Saudi crown prince would be 'guilty of Khashoggi murder' if tried in court: Corker

Saudi crown prince would be 'guilty of Khashoggi murder' if tried in court: Corker
Saudi Arabia's Crown Prince Mohammed bin Salman would be found guilty of Khashoggi's murder if tried in court, Senator Bob Corker has said.
3 min read
05 December, 2018
Bob Corker has lashed out at MbS [Getty]


Two senior US Senators have said there is no chance that Saudi Crown Prince Mohammed bin Salman was not involved in the murder of journalist Jamal Khashoggi.

"I have zero question in my mind that the crown prince directed the murder and was kept appraised of the situation all the way through it," Senate Foreign Relations Committee Chairman Bob Corker said.

He made the comment after CIA director Gina Haspel briefed a small group of senators on the killing of Jamal Khashoggi, who was murdered at the Saudi consulate in Istanbul on 2 October.

"If MBS were in front of a jury, he'd be convicted in less than 30 minutes."

Senator Lindsey Graham, another Republican has also turned on the Riyadh regime following the murder, and said the US should "sanction the hell out of it".

Prince Mohammed is "crazy" and "a wrecking ball" who is "complicit in the murder of Mr Khashoggi to the highest level possible", he said on Tuesday.

"There's not a smoking gun but a smoking saw," he said, referring to the instrument believed to have been used to dismember the journalist's body.

It was also a reference to Defence Secretary Jim Mattis' comments that there was "no smoking gun" implicating the crown prince to Khashoggi's murder.

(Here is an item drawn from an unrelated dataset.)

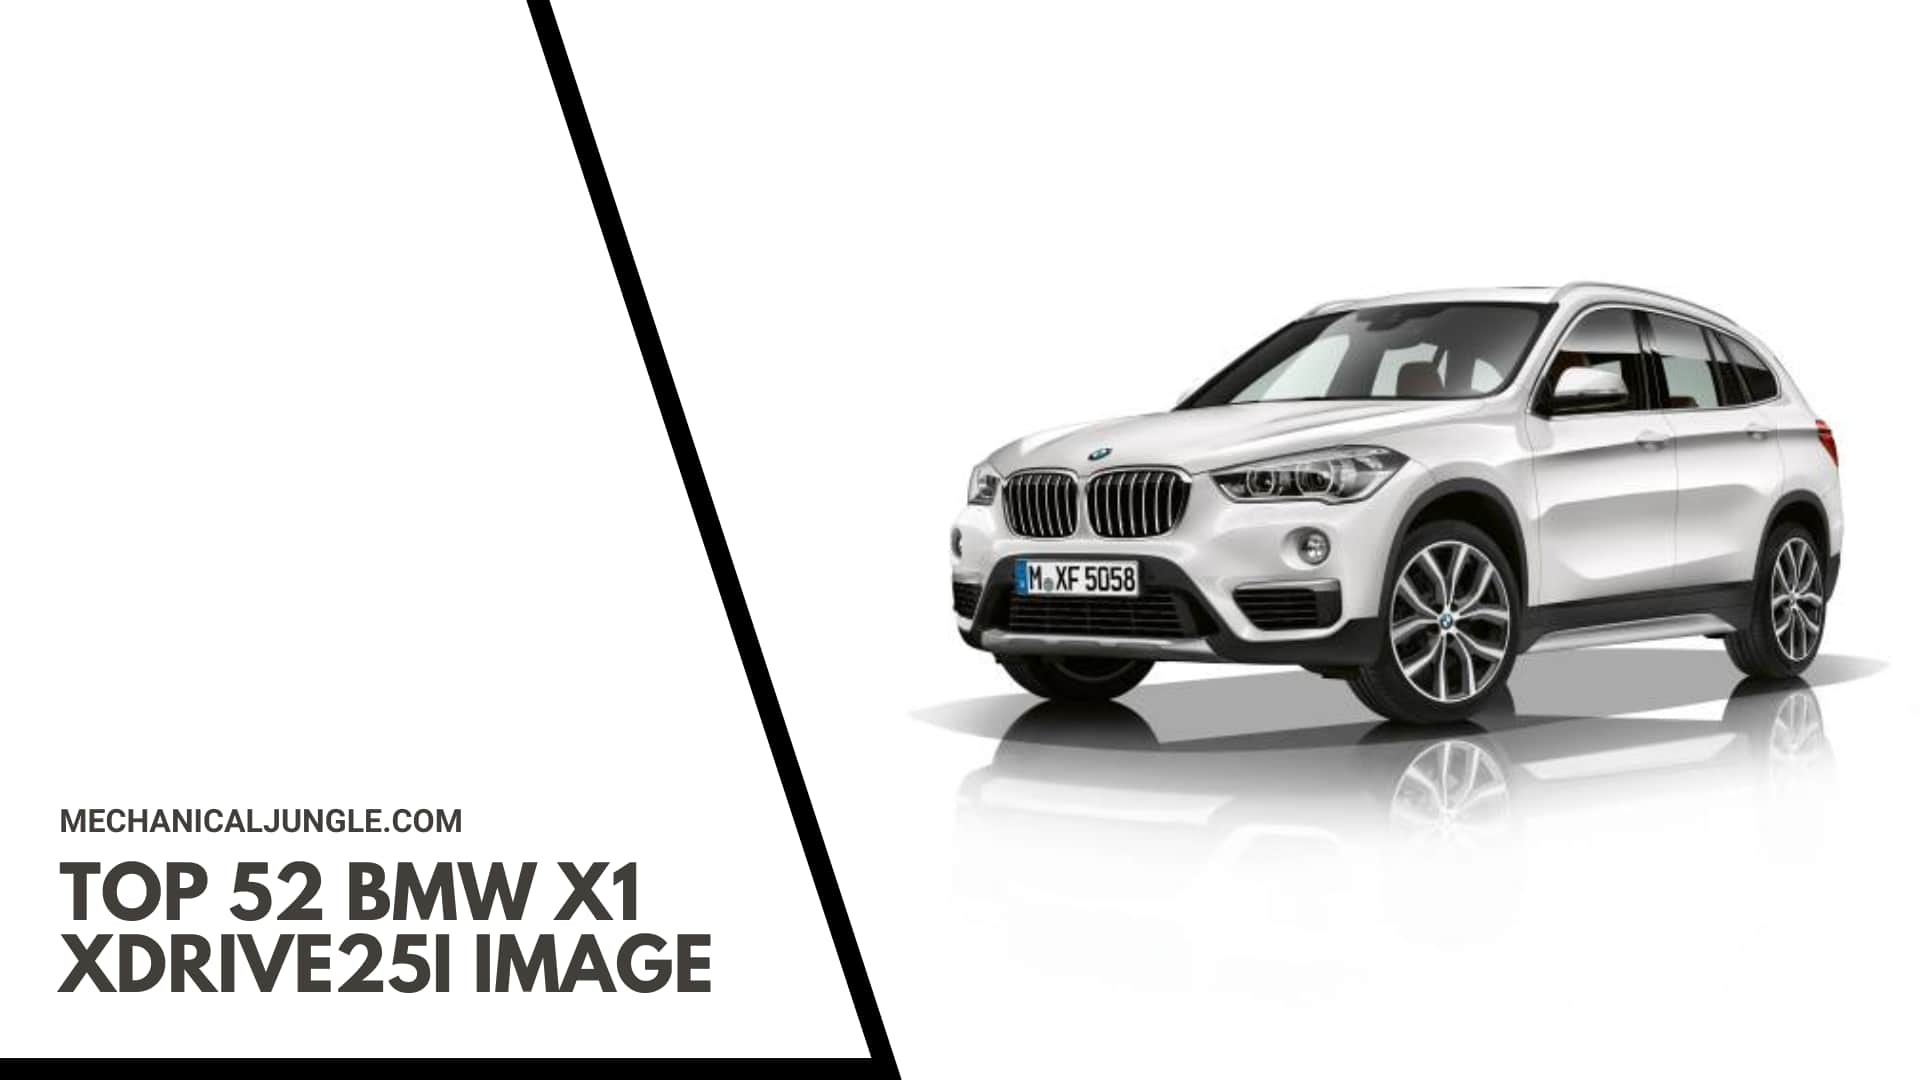 Top 52 BMW X1 xDrive25i Image

Critics of US President Donald Trump have said that he has sought to shield Prince Mohammed from criticism and ignore evidence from the country's leading spy agency.

Among the details to emerge from a CIA report allegedly linking Prince Mohammed to the murder of Khashoggi was a number of messages sent to key royal court aide Saud al-Qahtani, on the day the journalist disappeared.

Qahtani has since been sacked and implicated in the Khashoggi case since, as Riyadh seeks to shelter the crown prince from the storm.

Graham said "the brutality of this murder is beyond my sharing it with you".

"If the Saudi government is going to be in the hands of this man for a long time to come, I find it very difficult to be able to do business, because I think he's crazy, I think he is dangerous and he has put the relationship at risk."

He also rejected the views of the Trump administration that there was no evidence directly linking the crown prince to the murder.

"You have to be wilfully blind not to come to the conclusion that this was orchestrated and organized by people under command of MBS, and that he was intricately involved in the demise of Mr Khashoggi," the senator said.

Democrats have also called for the crown prince to be sanctioned.

"I am now more convinced than I was before - and I was pretty convinced - that in fact the United States must have a strong response to both the war in Yemen as well as the killing of the United States permanent resident and journalist Jamal Khashoggi," Senate Democrat Bob Menendez said.